Moreover, as the Ninth Circuit has observed, although the extent to which a defendant's fifth amendment rights are implicated is a "significant factor" for the court to consider, "it is only one consideration to be weighed against others." Keating , 45 F.3d at 326. Here, the interests of the United States and the public in timely resolution of this action, which involves collection of allegedly long overdue tax liabilities, weigh heavily in favor of denying a stay. Furthermore, because the criminal action has now been concluded in district court, there is little to no risk that allowing this civil action to continue would somehow constitute an inefficient use of judicial resources. To the contrary, it is the court's preference to resolve pending actions on the merits as expeditiously as possible. Finally, there is no indication that simultaneously defending this civil action in district court and pursuing an appeal of the criminal action in the Ninth Circuit would place an unreasonable burden on defendant. Defendant may be incarcerated, but he has already requested and received extensions of time in the present action, and may be able to obtain further, brief extensions here and in the Ninth Circuit to accommodate any scheduling/briefing conflicts, provided that he makes a proper showing in support of such requests.
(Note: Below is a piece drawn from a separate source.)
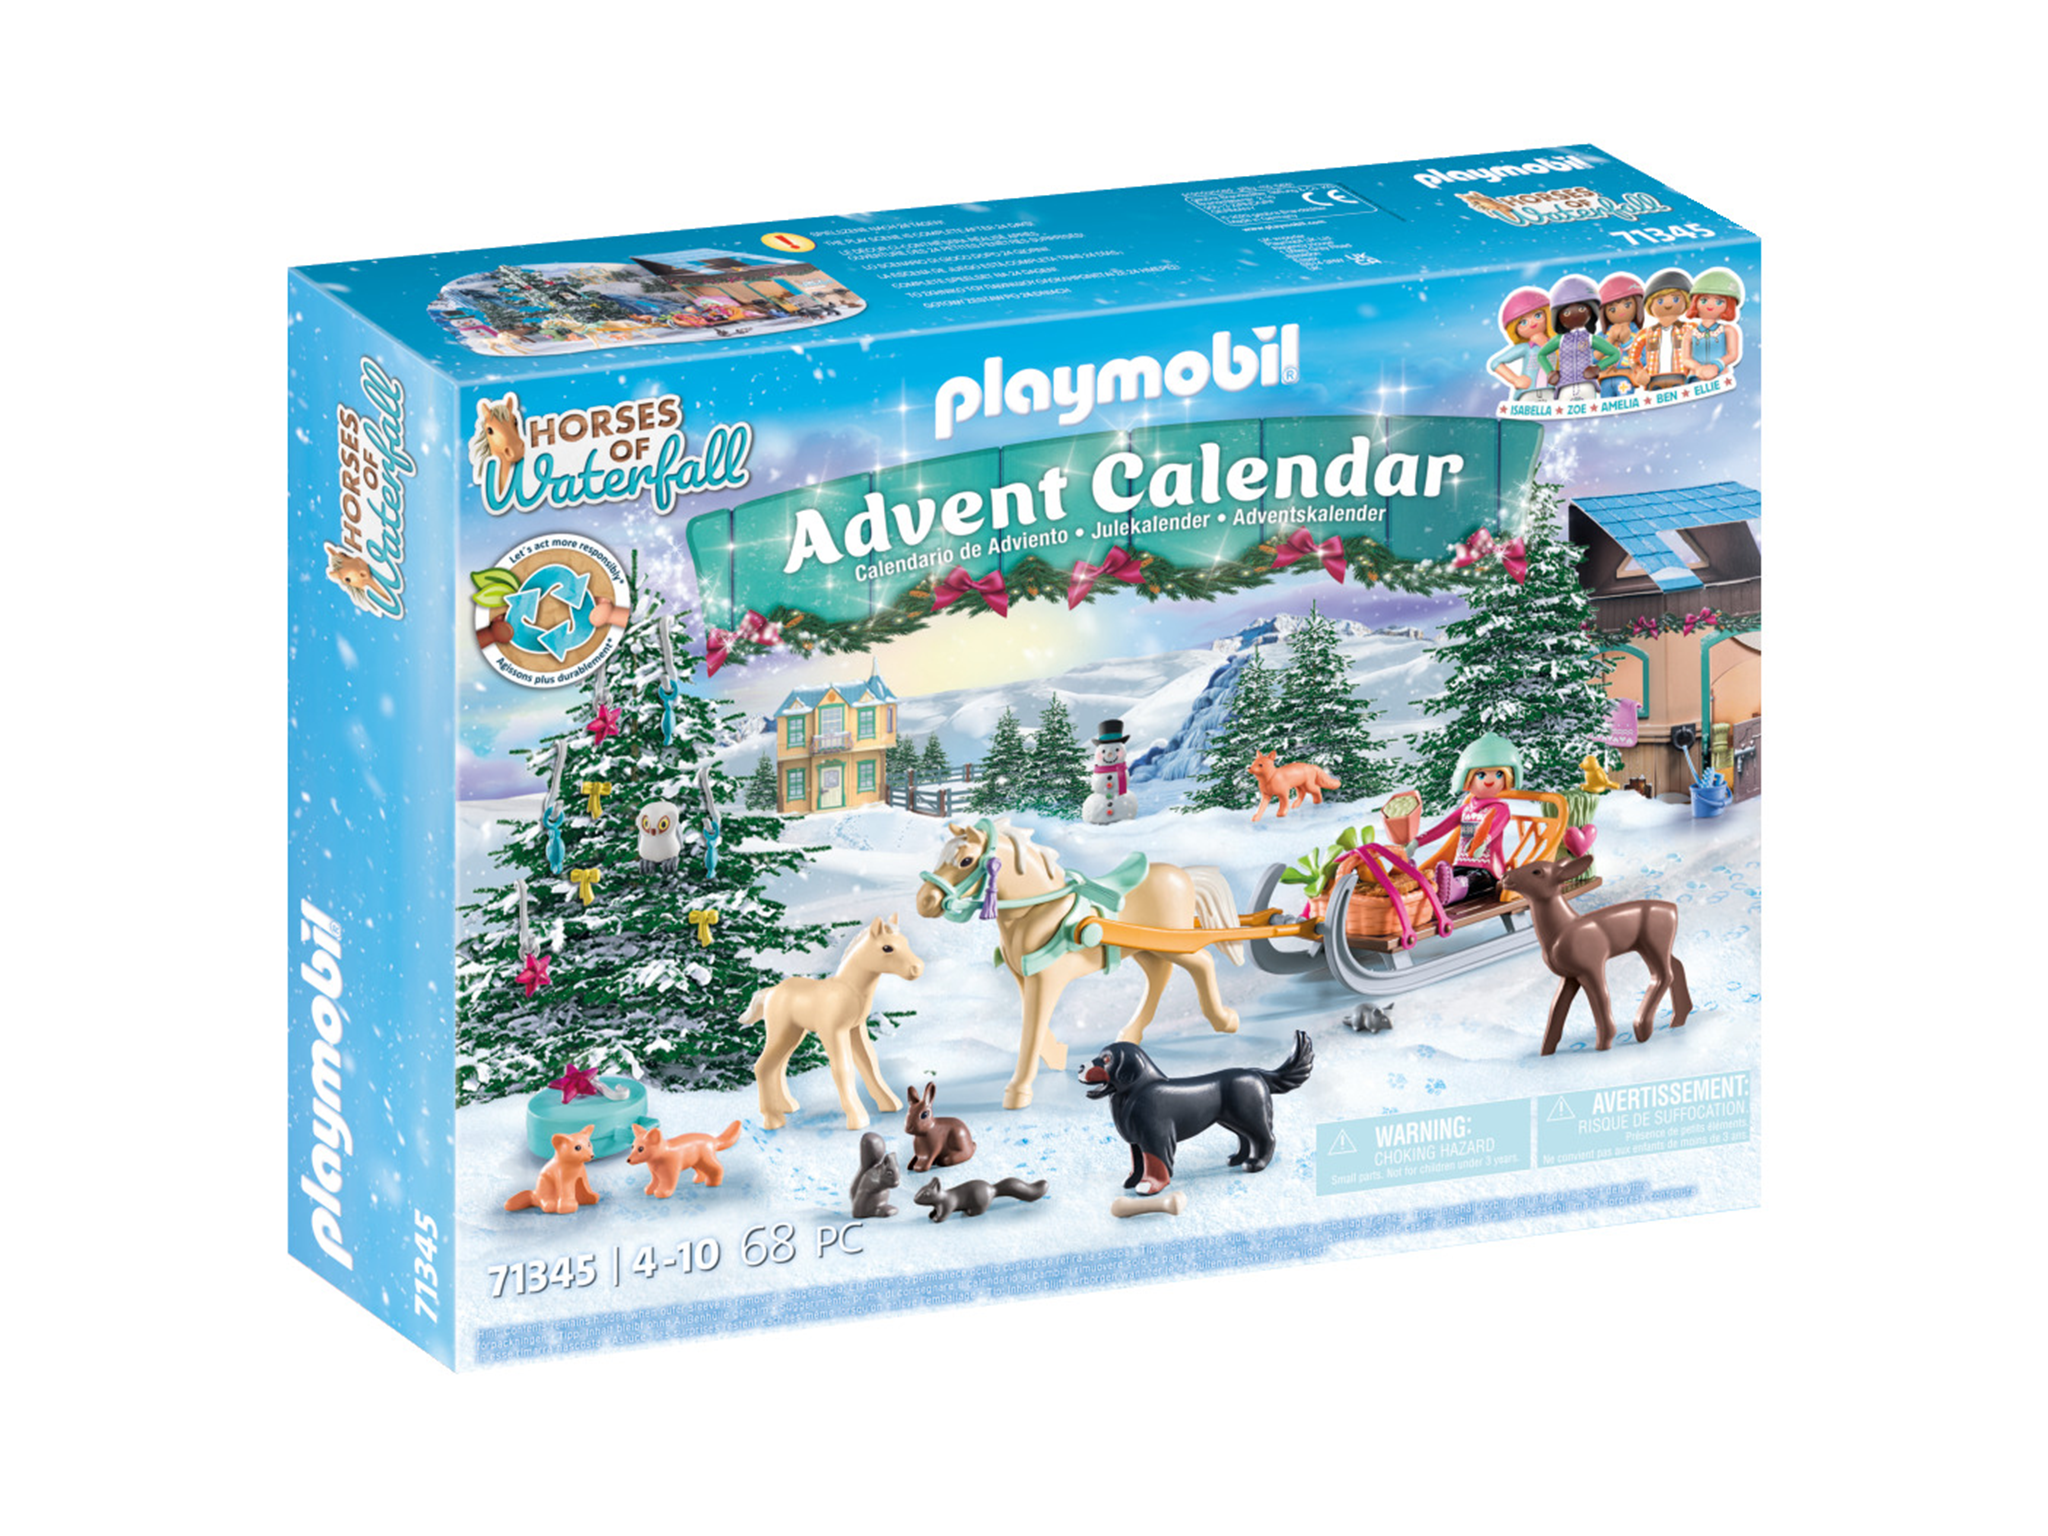 Playmobil horses of waterfall Christmas sleigh ride advent calendar

Therefore, after weighing the above-mentioned factors, the court concludes that defendant would not suffer substantial prejudice if this civil action were permitted to continue, that the interests of justice do not warrant a stay, and that defendant's motion to stay should accordingly be denied.
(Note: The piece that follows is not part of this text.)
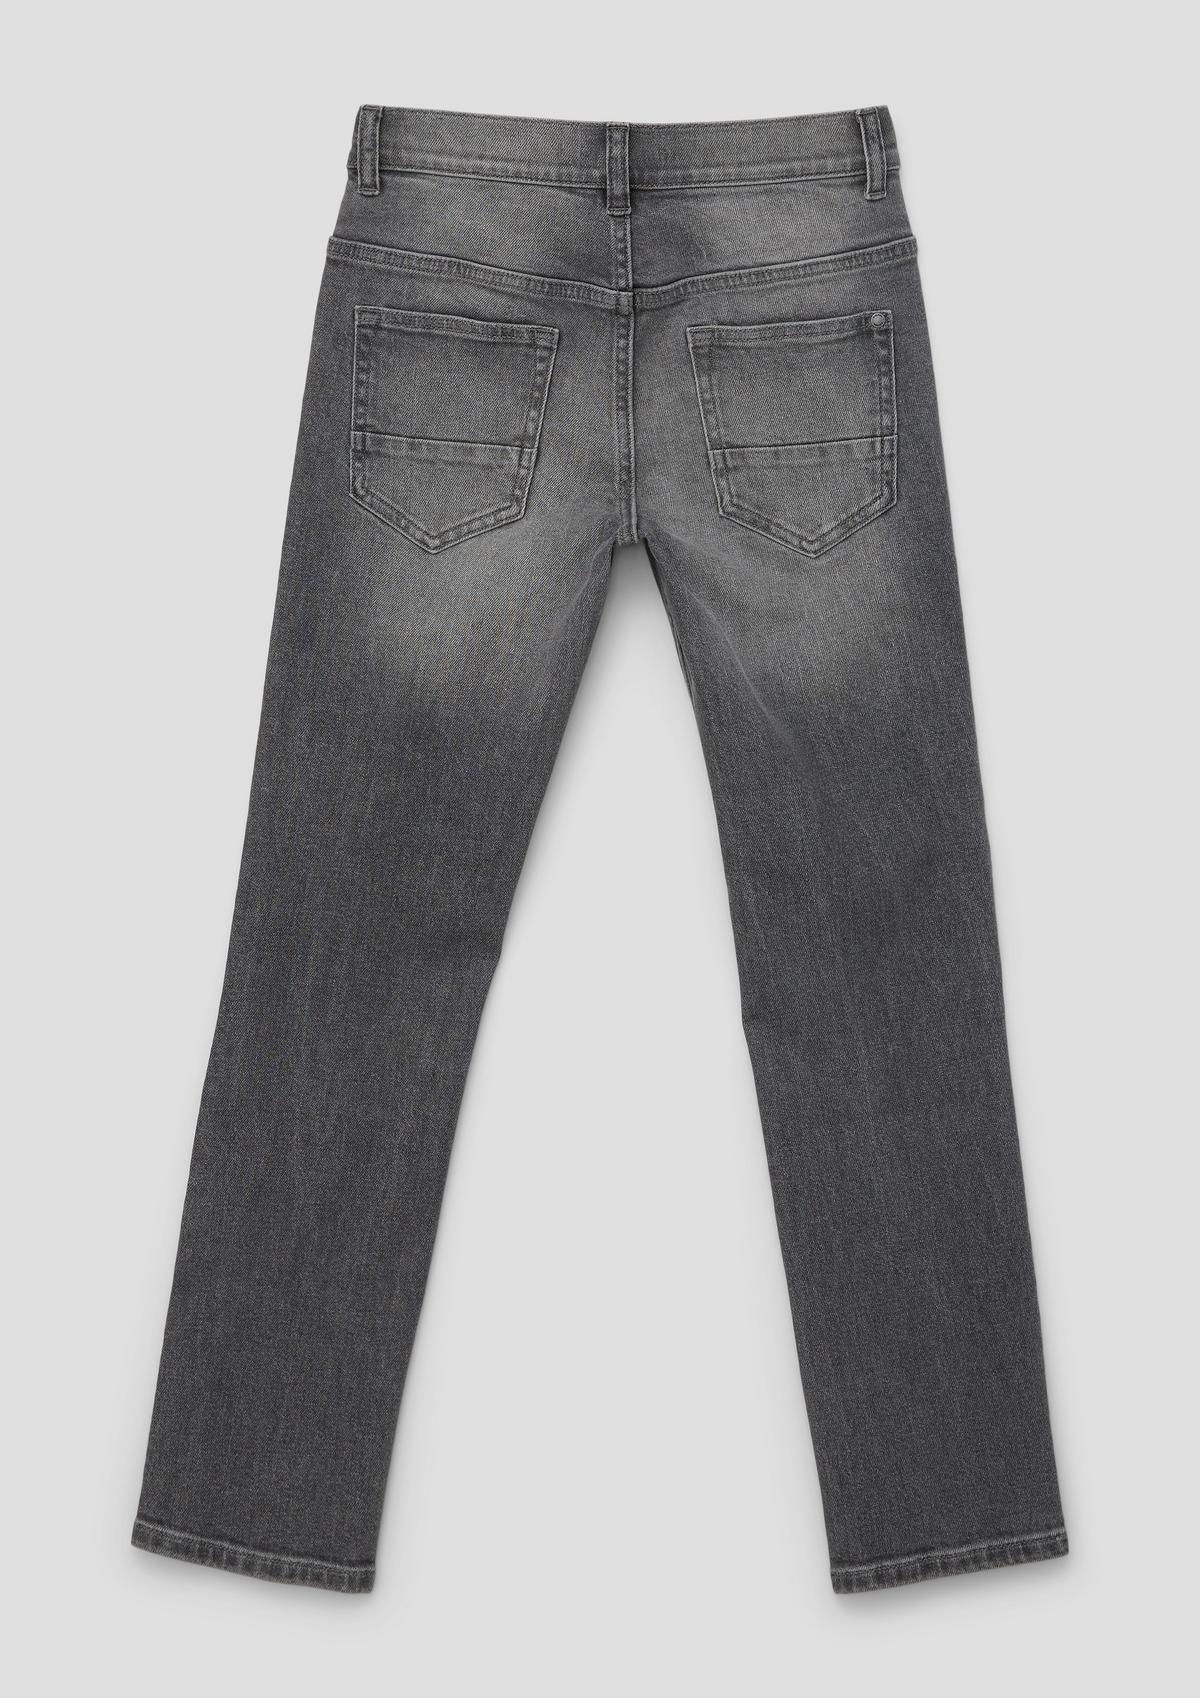 s.Oliver Jeans Seattle / regular fit / mid rise / slim leg

The court proceeds to analyze the merits of defendant's motion to dismiss the action pursuant to Federal Rule of Civil Procedure 12(b)(6).

Motion to Dismiss the Action Pursuant to Federal Rule of Civil Procedure 12(b)(6)

A motion to dismiss brought pursuant to Federal Rule of Civil Procedure 12(b)(6) challenges the sufficiency of the pleadings set forth in the complaint. Vega v. JPMorgan Chase Bank, N.A. , 654 F.Supp.2d 1104, 1109 (E.D. Cal. 2009). Under the "notice pleading" standard of the Federal Rules of Civil Procedure, a plaintiff's complaint must provide, in part, a "short and plain statement" of plaintiff's claims showing entitlement to relief. Fed.R.Civ.P. 8(a)(2); see also Paulsen v. CNF, Inc. , 559 F.3d 1061, 1071 (9th Cir. 2009). "To survive a motion to dismiss, a complaint must contain sufficient factual matter, accepted as true, to state a claim to relief that is plausible on its face.'" Ashcroft v. Iqbal , 556 U.S. 662, 678 (2009) (citing Bell Atl. Corp. v. Twombly , 550 U.S. 544, 570 (2007)). "A claim has facial plausibility when the plaintiff pleads factual content that allows the court to draw the reasonable inference that the defendant is liable for the misconduct alleged." Id.

In considering a motion to dismiss for failure to state a claim, the court accepts all of the facts alleged in the complaint as true and construes them in the light most favorable to the plaintiff. Corrie v. Caterpillar, Inc. , 503 F.3d 974, 977 (9th Cir. 2007). The court is "not, however, required to accept as true conclusory allegations that are contradicted by documents referred to in the complaint, and [the court does] not necessarily assume the truth of legal conclusions merely because they are cast in the form of factual allegations." Paulsen , 559 F.3d at 1071. In ruling on a motion to dismiss filed pursuant to Rule 12(b)(6), the court "may generally consider only allegations contained in the pleadings, exhibits attached to the complaint, and matters properly subject to judicial notice." Outdoor Media Group, Inc. v. City of Beaumont , 506 F.3d 895, 899 (9th Cir. 2007) (citation and quotation marks omitted).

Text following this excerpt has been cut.